Własny interes czy etat

Powolutku rozważam powrót do pracy. Powolutku, bo dopiero ewentualnie za rok. Gdy młody do przedszkola pójdzie.
Zastanawiam się czy lepszy jest etat czy zawracać sobie głowę własnym biznesem?
Praca u kogoś i ewentualna choroba dziecka mnie przeraża. Artek w pierwszym roku przedszkola non stop chorował.
Z kolei własna firma może też sporo czasu absorbować. Czasami znacznie więcej niż 8 godzin. Jeśli własny biznes to z czym startować?

Podzielcie się swoimi doświadczeniami. Macie własne firmy? Dajecie radę?

Strona 5 odpowiedzi na pytanie: Własny interes czy etat

  1. Zamieszczone przez AniaOS
    jesli pelnomocnictwa nie okazesz, to zarzuca tobie niedopelnienie obowiazku zgloszenia PRACOWNIKA [w tym momencie maz wykonywal prace] do obowiazkowych ubezpieczen – jakkolwiek by nie kombinowac, efekt bedzie jeden – w protokole pokontrolnym zostanie zapisane, iz nie zglosilas osoby wspolpracujacej/.
    interpretacja zusu jest prosta jak drut: jesli osoba bliska /maz, zona, dziecko, etc. – wg. ustawy/ WYKONUJE JAKIEKOLWIEK czynnosci zwiazane z dzialalnoscia gospodarcza /absurdem jest np. odbieranie przez meza telefonu “sluzbowego”, ktory znajduje sie w mieszkaniu, w ktorym prowadzona jest dzialalnosc – to jest fakt, znam osobiscie osobe, ktorej zus zarzucil, iz maz… PRACUJE i pomaga jej w d.g., gdyz odbiera sluzbowe telefony i wystapil z wnioskiem o objecie go obowiazkowymi ubezpieczeniami/, to PRACUJE i niezglaszanie go do ubezpieczen jest niezgodne z ustawa o systemie ubezp. spol.
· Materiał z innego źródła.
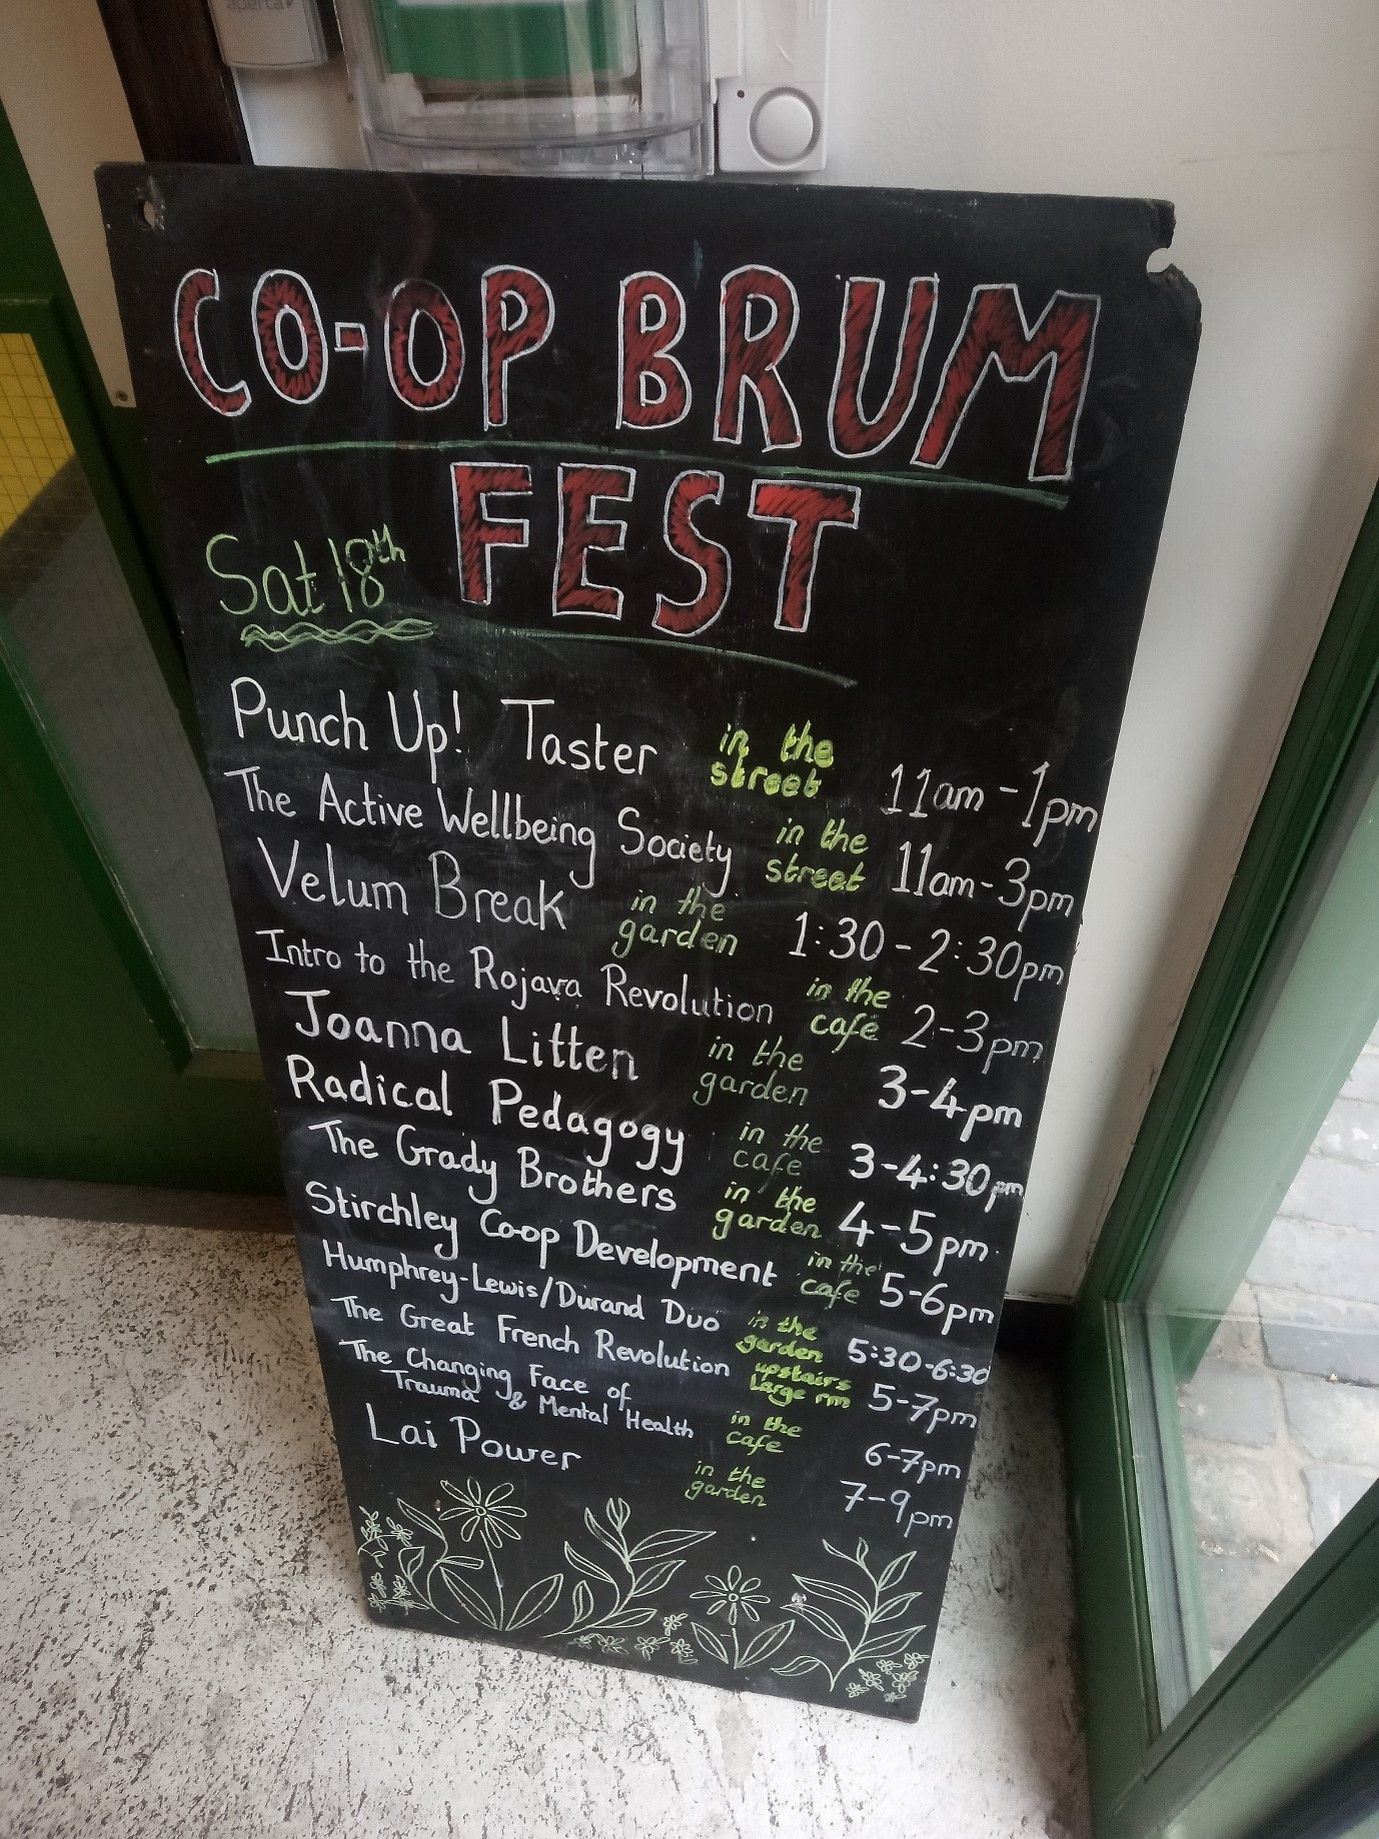 Brum Co-op Fest brings people together to celebrate co-operation

    Wydawało mi się, że ten kraj niczym już nie jest mnie w stanie zadziwić

    • Zamieszczone przez kasia.
      ale w sumie nie ma też napisane gdzie ma się leżeć, nie koniecznie u siebie w domu, ja w ciąży chyba z dwa miesiące byłam u rodziców, co prawda mogłam chodzić, ale też się tak zastanawiałam w razie kontroli

      u siebie niu musisz, ale….ja musiałam składać oświadczenie pod jakim adresem będe “leżakować”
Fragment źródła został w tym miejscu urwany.